How Big Data Improves Patient Outcomes
Earlier amassing large volumes of data for clinical use was an expensive and time-consuming process. But now, innovative technologies have not only helped in the collection of large amounts of data electronically but have also helped in the seamless conversion of the same into easily readable forms. Health professionals can now come up healthcare solutions backed with solid data to improve patient outcomes in many ways:
- Predictive Analytics: Big data analytics can identify patterns and trends in patient data, enabling healthcare providers to predict disease progression, identify high-risk patients, and intervene earlier. Predictive models can help in identifying patients who are more likely to develop specific conditions, allowing for early interventions and personalized treatment plans.
- Personalized Medicine: Big data enables healthcare providers to analyze vast amounts of patient data to tailor treatments and interventions to individual patients. By considering factors such as genetic information, medical history, lifestyle, and environmental data, doctors can make more precise diagnoses and develop personalized treatment plans that are more effective and have fewer side effects.
- Clinical Decision Support: Big data can provide healthcare professionals with decision support tools that help them make informed decisions at the point of care.
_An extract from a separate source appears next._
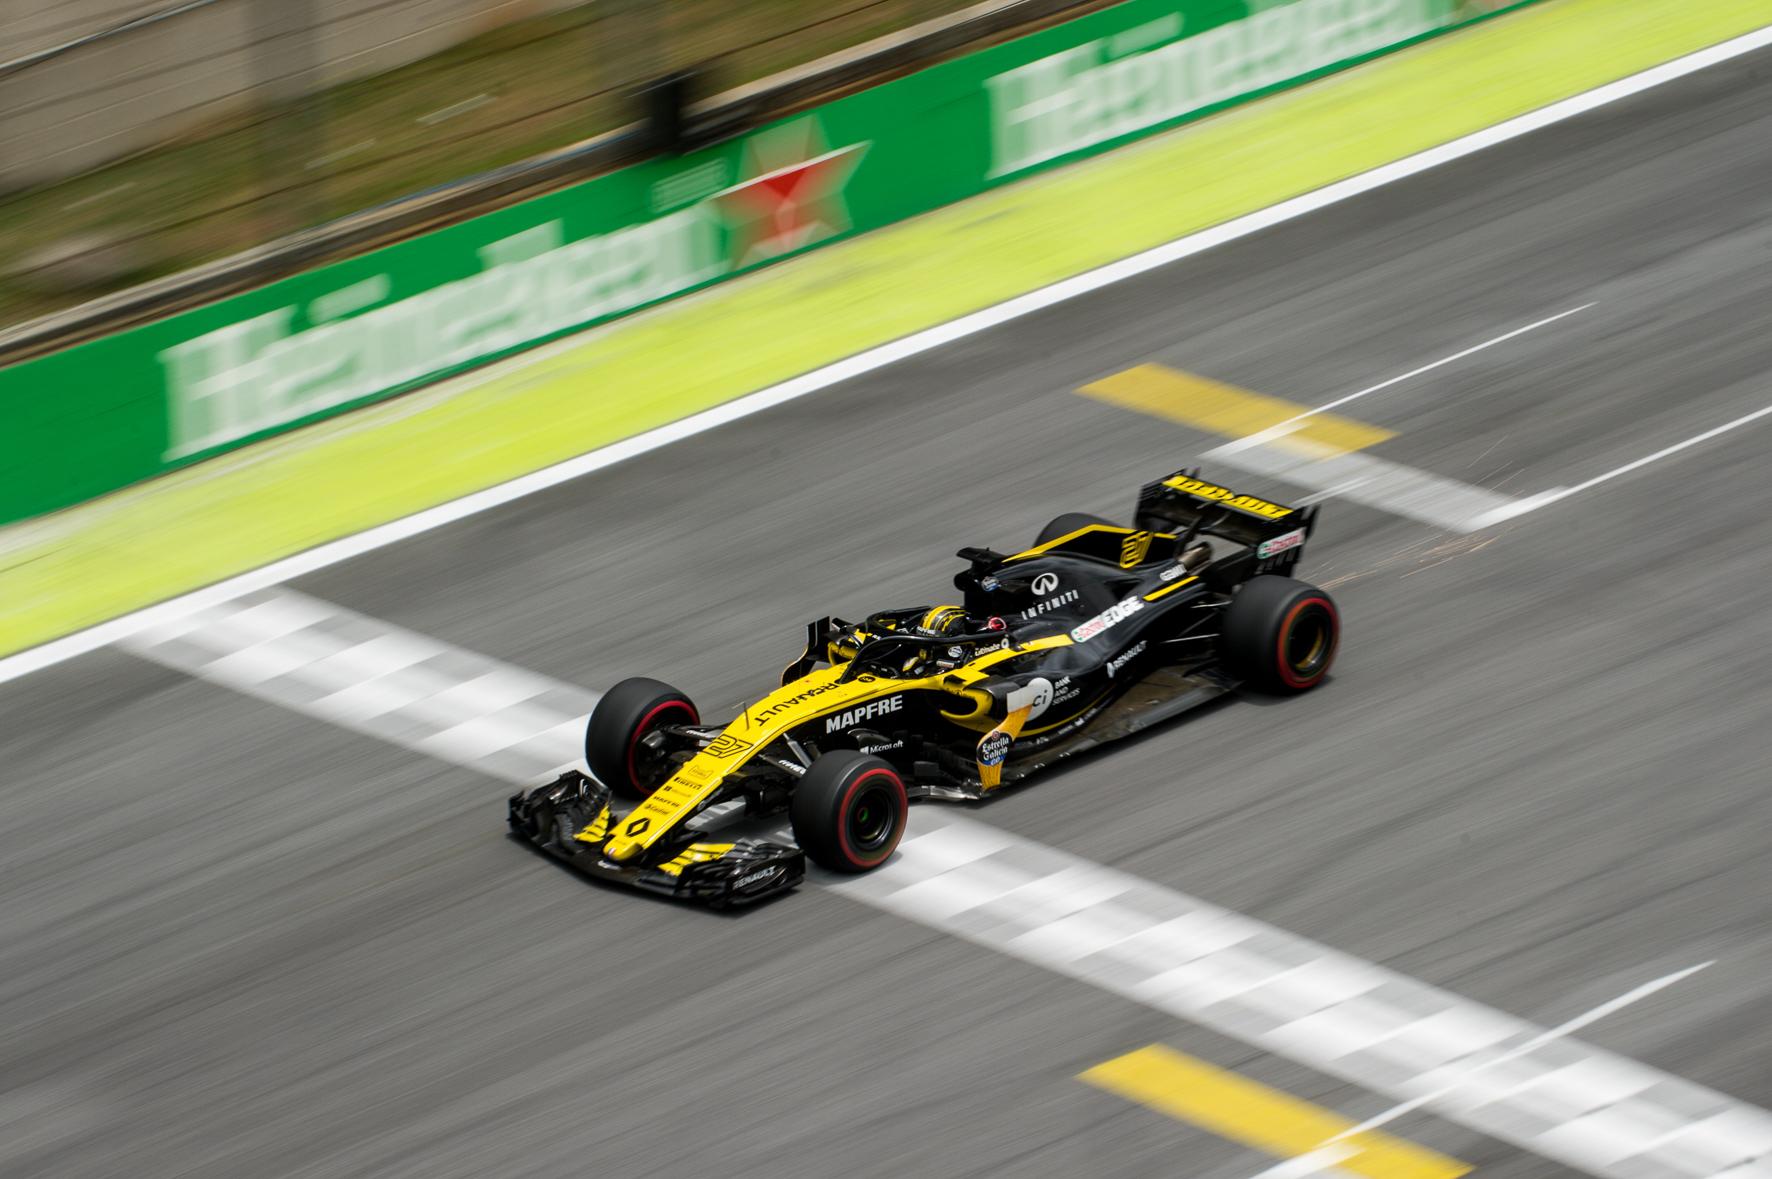 GPBrasil2018_dudabairros_Renault-31245

By integrating patient data, medical guidelines, and research findings, these tools can suggest treatment options, alert healthcare providers to potential drug interactions or allergies, and provide real-time clinical guidance, leading to better and safer patient care.
- Population Health Management: Big data can be used to identify trends and patterns in larger populations, allowing healthcare providers to implement preventive measures and interventions to improve public health outcomes. By analyzing data on disease prevalence, risk factors, and treatment outcomes, healthcare organizations can target resources to high-risk populations and develop strategies to reduce the overall burden of disease.
- Research and Development: Big data can accelerate medical research by providing researchers with access to large datasets for analysis. By analyzing diverse patient populations and combining different data sources, researchers can discover new insights, develop new treatment modalities, and improve patient outcomes.
- Real-time monitoring and early detection: Big data analytics can enable real-time monitoring of patients, especially those with chronic conditions or those in critical care settings. By collecting and analyzing data from wearable devices, sensors, and EHRs, healthcare providers can detect early warning signs of deterioration, intervene promptly, and prevent adverse events.
- Quality improvement: Big data analytics can help healthcare organizations identify areas for quality improvement. By analyzing patient data, outcomes, and performance metrics, organizations can identify inefficiencies, reduce medical errors, and implement evidence-based practices, ultimately leading to improved patient outcomes and safety.
In the end, it is important to note that while big data holds great potential for improving patient outcomes, challenges related to data privacy, data quality, interoperability, and ethical considerations need to be addressed for its effective implementation in healthcare.